I was a bit taken aback that no one seemed to have found it necessary to inform me about the new year plans. But then people here in Iceland do tend to forget the people not on facebook, without any malicious intent. And here is what I should have done:

Suggested to meet up and watch the fireworks from a save distance. I am horribly afraid of anything which explodes, to the extend to panic attacks. I'm sure it would not have been a problem.

Instead I hid away in my room until 1 when I put on my favourite music and went earphones in ears to the party. Where everyone was lovely.
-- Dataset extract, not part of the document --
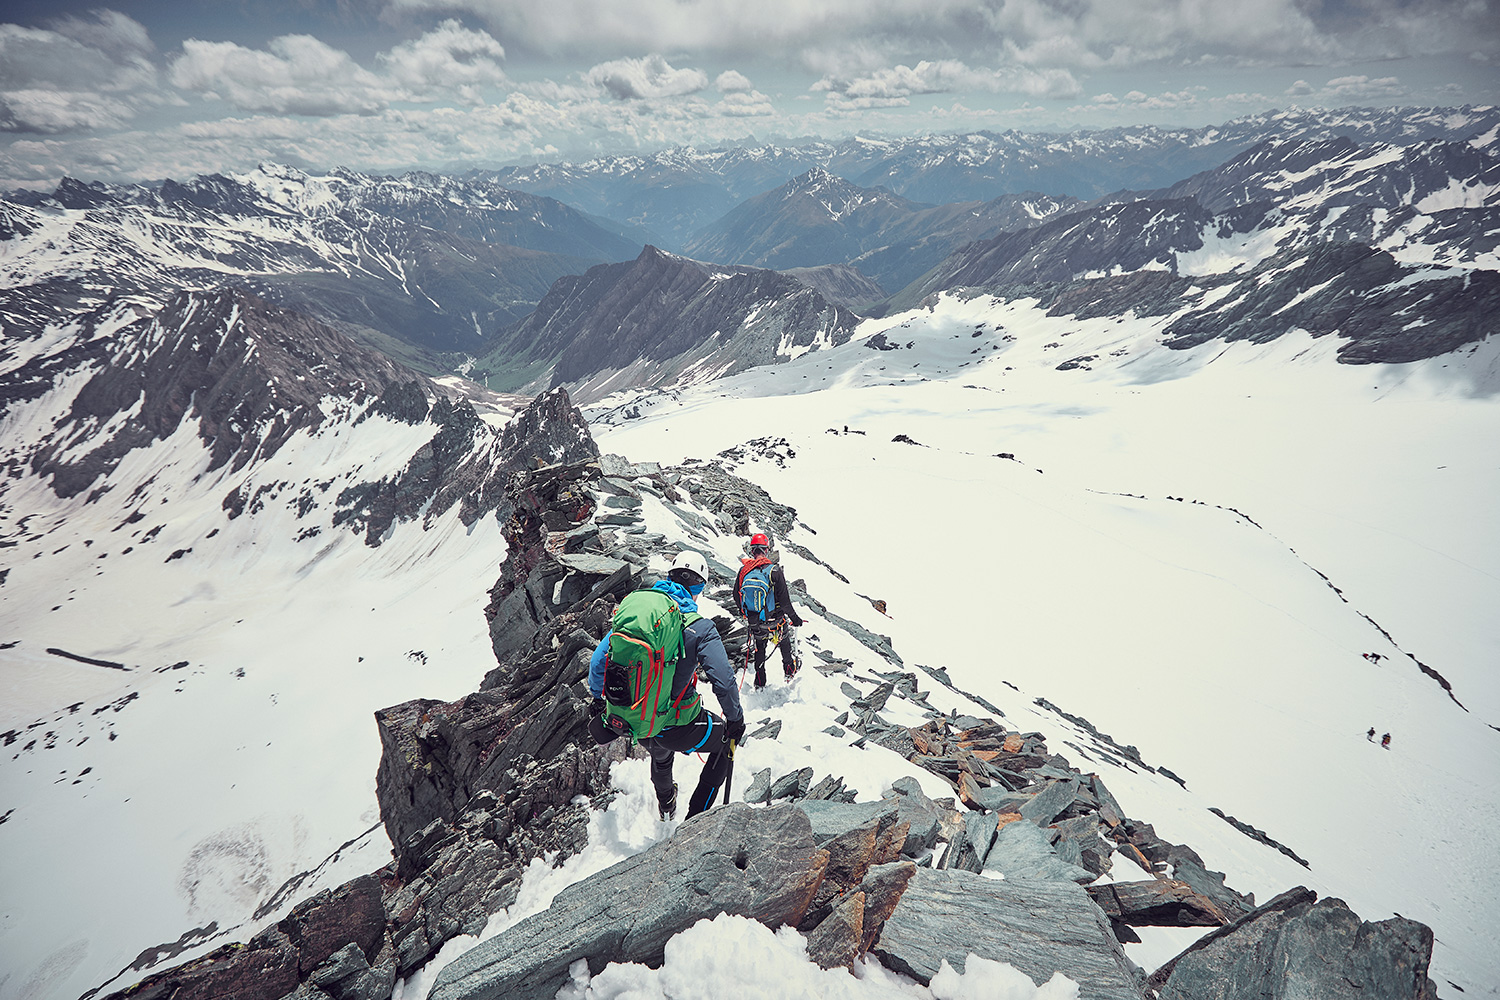 Two mounaineers on ropes making their way down from the Grossglockner Summit

Before I left Iceland in 2012 I was in a state of constant fear to provoke anger. I was even afraid to tell my friends it is my birthday. Reactions I expected ranged from dismissive (why would we waste time on your birthday) to annoyance at me demanding attention, again. Being emotional abused is in many ways alike being a mouse in front of a playful cat. In a horrible position, but knowing full well, that any move will make things worse. At some point this fear bleeds into other relationships and thus one ends up with some colourful social anxiety disorders one never imagined ever having. And crushing loneliness.

However in the last two years I experienced an amazing side effect. I got to rediscover how awesome people can be.

A random woman acknowledging that I must have had a hard time when my mom died.

A friend having frequent, long (and drunk) Skype conversations from the other side of the world with me, before I met my flatmates in Chile (who are their own brand of amazing).

Being picked up from the airport and driving around town when it was way to early for shops to have open with the comment "I don't care what we do, I just want to spend some time with my friend." I'm going to have a word with the hobbit defense league to spare him once we take over the world.

Where am I?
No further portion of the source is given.